Consider a health care provider, the reduced time spent in retrieving a patient history during a surgery can be a key business metric and the number of incidents created, number of successful changes may be secondary. As a service provider, understanding how their services support such business metrics would add meaning to the service delivered and enable value co-creation.

It is vital that a strong communication avenue is established between the customer and the service provider teams to understand the context of the customer’s business. To a large extent, this helps the service provider teams to prioritize what they do based on what is critical to the success of the customer/service consumer.

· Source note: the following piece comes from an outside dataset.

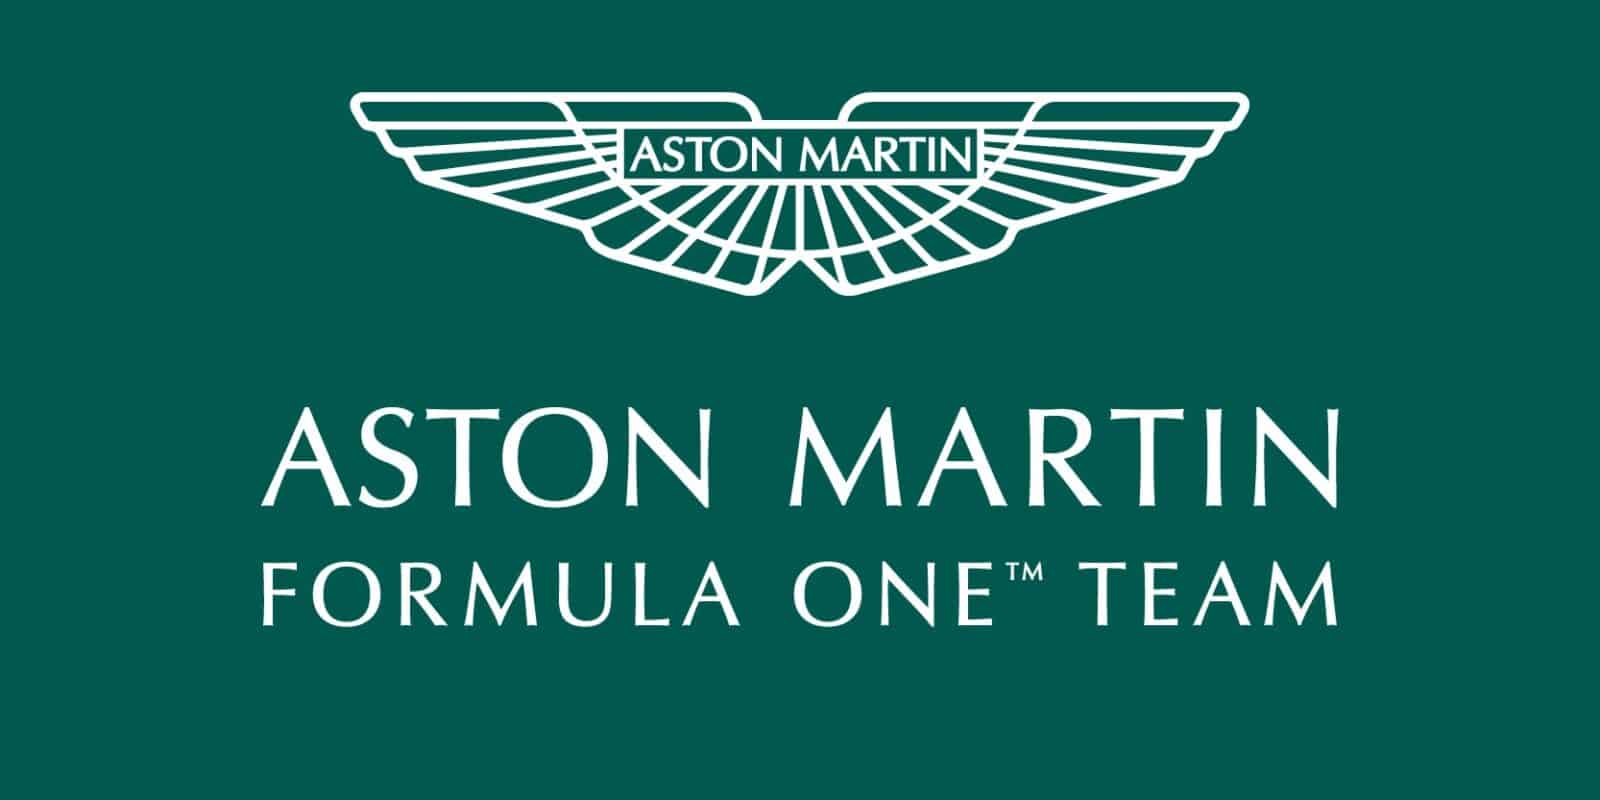 Aston Martin plánuje odhalit svůj vůz v únoru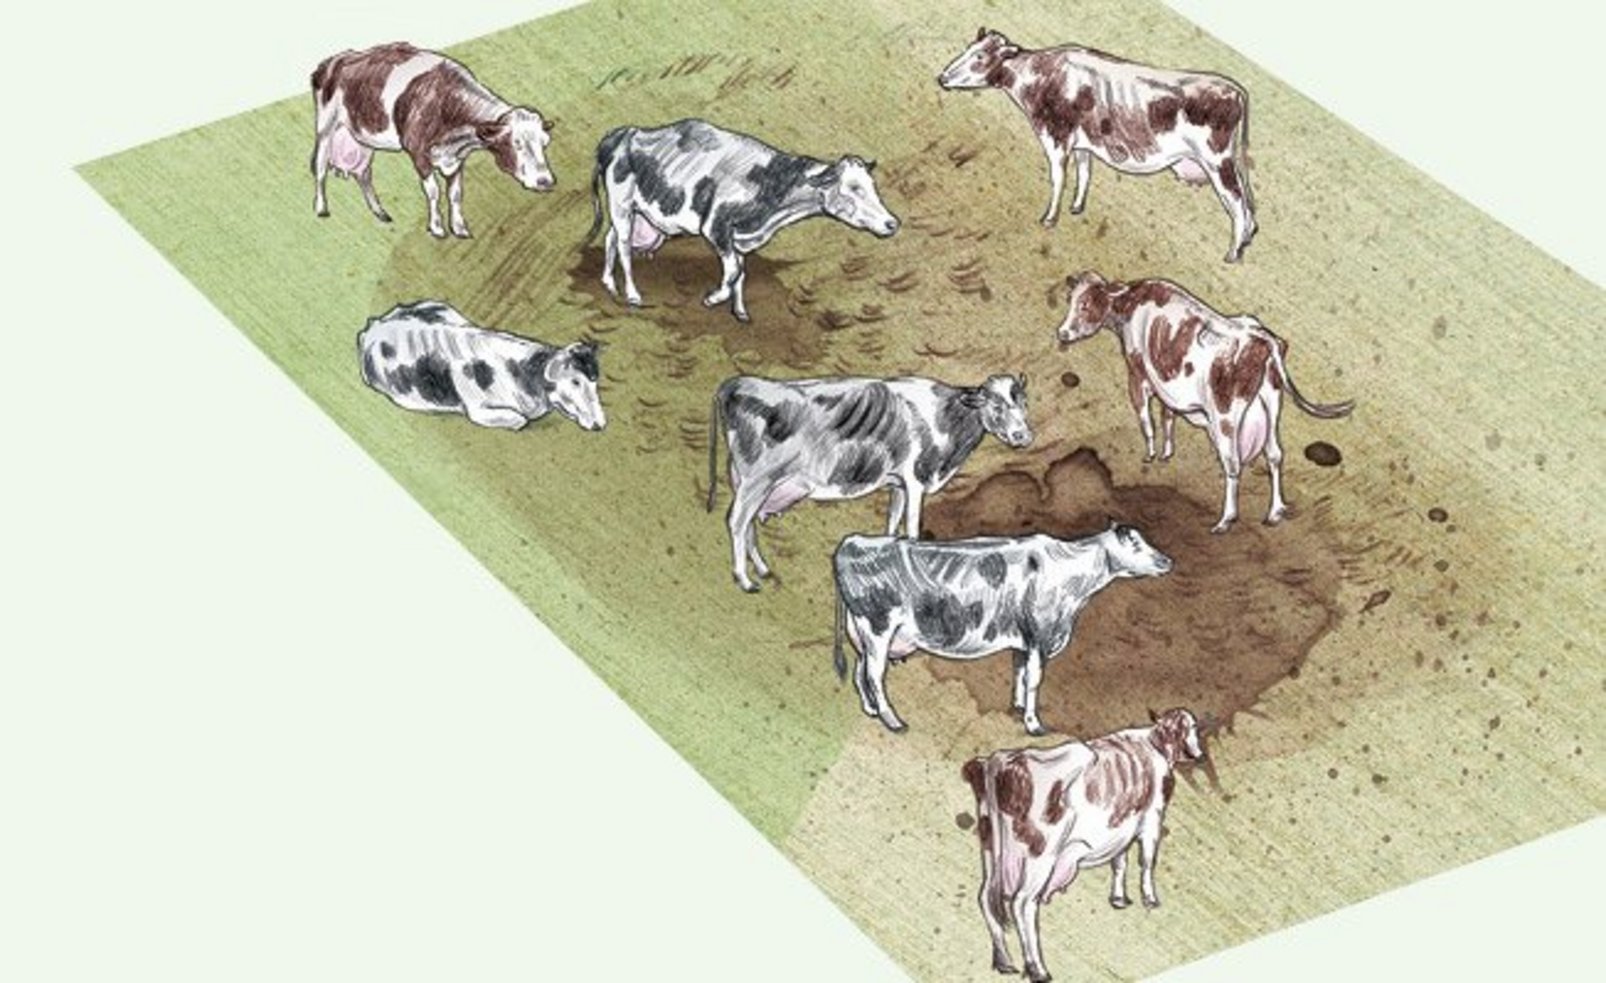 Illustration einer schlammigen Wiese auf der Kühe stehen, die ausgemärgelt aussehen.

More importantly, this enables the provider become a true partner to their customers.

Taking service desk as an example, the service desk engineers fixes a printer or a laptop, resets passwords. These activities may not provide business value, but it helps to mitigate any loss or disruption to a service consumer’s business activities. The other principal part of service desk activity is to respond to service requests. This is very much an area where business value delivered to customers can be measured using ITSM.

Easier said, but how and what business value is to be reported? Here are some examples that are good enough to get started.

1. Productivity
Assuming that every time a laptop problem is fixed with the SLA, it allows the customer to get back to work and be productive. Value can be measured here by the cost reduction – considering the employee cost per hour and the time spent by the IT team to fix the laptop.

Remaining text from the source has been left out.